Honestly, I cannot imagine my parents chasing me (or any baby) down. Back then, adoption was considered a private matter, not the first step on the stairway to heaven. As far as I can tell, my adoptive parents didn’t even tell anyone that they were trying to adopt until I was with them. The story goes this way:
Every Friday evening my parents went out to dinner with their good friends George and Edna Amrein. Then, one Friday night, just before Christmas, the Amrreins showed up at the house and found me in my new mom’s arms. The first words out of Edna were “Why, Janie, what happened?” Indeed! I may sound old fashioned, but this seems normal and civilized. No Gotcha Party for me and Janie.
Today, of course, Janie would wear a shirt emblazed with “Paper Pregnant. Hmm, no she wouldn’t. Janie wasn’t into commodifying the intimate.
Not that all adoptions were pure-as-the-driven-snow ethical back then or worked out well or were well-intentioned. or were even legal. Hell no! Back then, though, unless you were Joan Crawford, looking for an accouterment or publicity to prop up a lagging movie career, hardly anyone went around bragging up adoption. It was just something some people did without a lot of fanfare–and certainly not a lot of baby- saving back-patting and praise to Jesus. In fact, back in the dark ages many adopters preferred older children. (I guess they wanted to know what they were getting into.) Adoption was a private event, celebrated by adopters and perhaps close friends or family at home–not a public look- at-me spectacle. Long-fought openness in adoption has helped adoptees in some ways, but spreading adoptees’ business all over front street isn’t one of them.
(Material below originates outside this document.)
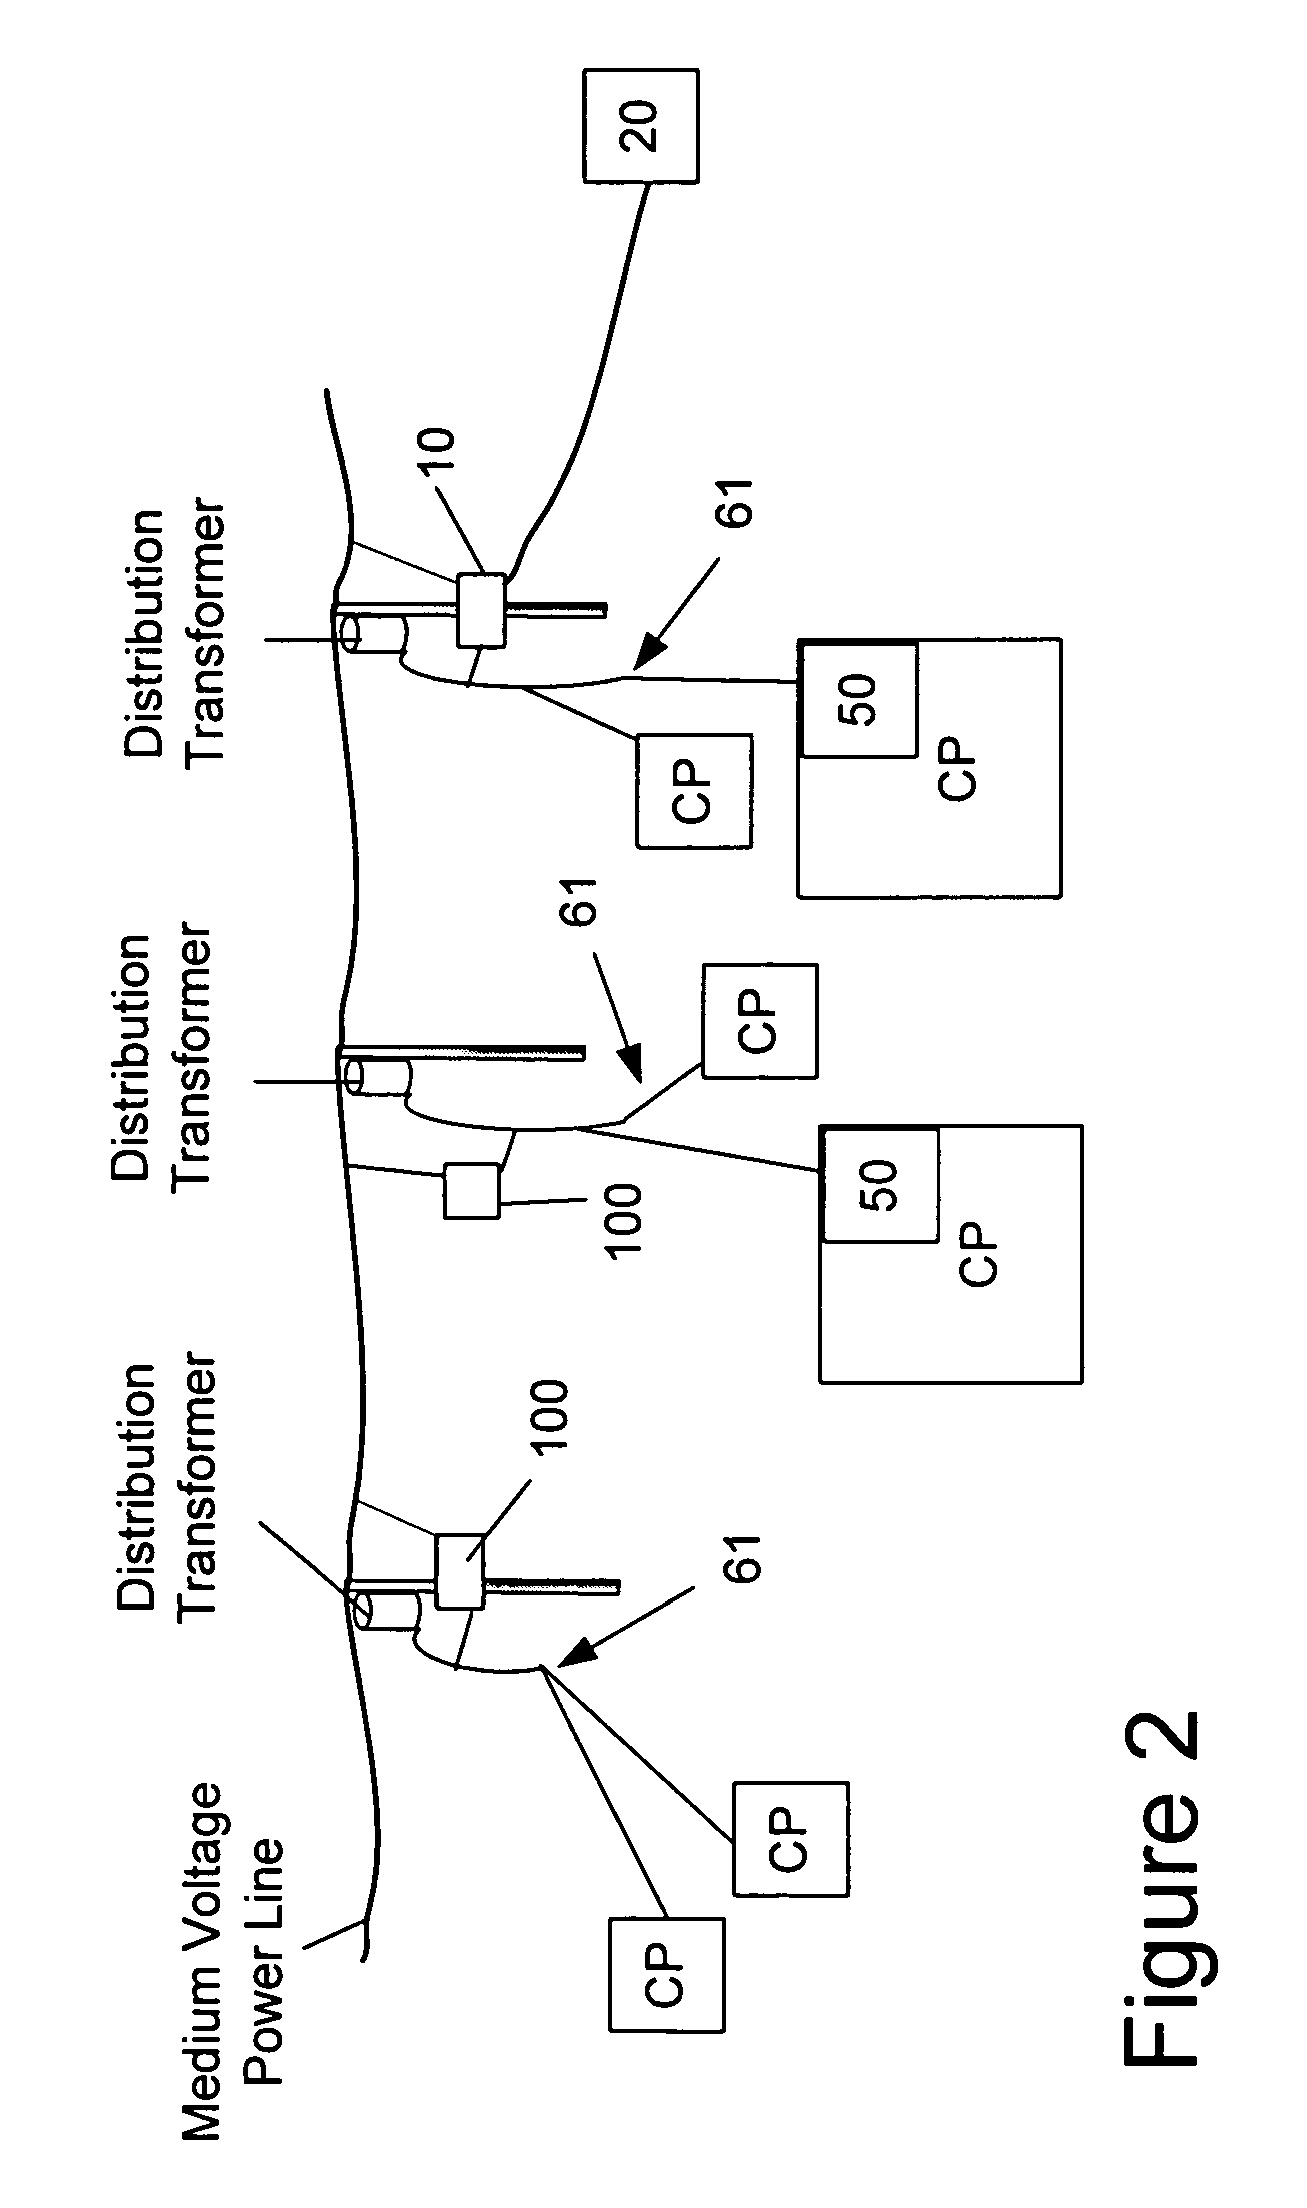 Power line communications device and method

And neither is hunting down a prospective mother of “your child, which sounds like a Lifetime Movie scenario staring Karen Swanson. Again. I must sound old fashioned, but whatever happened to propriety? Reticence? Manners? While it’s a good thing that unmarried pregnant women and mothers aren’t run out of town anymore or forced to wear a scarlet A on their chest, it is simply unacceptable that they are still considered a target for baby-rabies infected God-directed couples. I say couples because they seem to be a more virulent breed of hunters than single women, but I could be wrong. I don’t hang out with that crowd and I’m not sure that Twitter, where some really nasty adoptee-hating adopters nest, is a good barometer to judge acquisition methods. Single women,outside of a certain sub-species of white liberal feminists who think they are entitled to somebody’s baby, strike me as women who want children, but there’s either no decent man up to the job or men just aren’t an interest..Couples, however, act like they aren’t a family unless they have a little rug crawler under the table
One final story. Back in the cowboy days of alt.adoption (the unmoderated Usenet group where Bastard Nation was born and arguments became so violent that one Christ-consumed conspiracy prone adopter filed police complaints against two regulars–claiming that one adoptive dad had threatened to murder her by sending her to his kill file and another, a prominent birthmother rights activist and lawyer, had murdered several newborns in the Moline, Iowa area, apparently to stop them from being adopted. I’m not making this up.
Here it is: a very active alt.adoption member going by the name of Lisa-Boo.found herself getting babylove-bombed by a desperate and babyless newcomer to the group who hadn’t grasped alt.adoption’s rep as the “meanest newsgroup on Usenet,” LB was an adoptee finishing her doctorate in some biological science field. She was also pregnant. She and her long-time fiance planned to marry about 6 weeks after the birth of the baby and the PhD were out of the way. Down swooped Mrs. Adoptavulture offering to adopt the baby. Hmm, no thanks. Did that stop her from trying.? Of course not. The harpy insisted and insisted and insisted. And begged and begged and begged. Too bad, but I don’t remember the outcome other than the intruder was continually and forcefully told by LB and everybody else to piss off, the baby was born, Lisa Boo graduated, got married, and is now probably a tenured professor someplace. That had to be 25 years ago.
Nothing has changed. I don’t expect it to.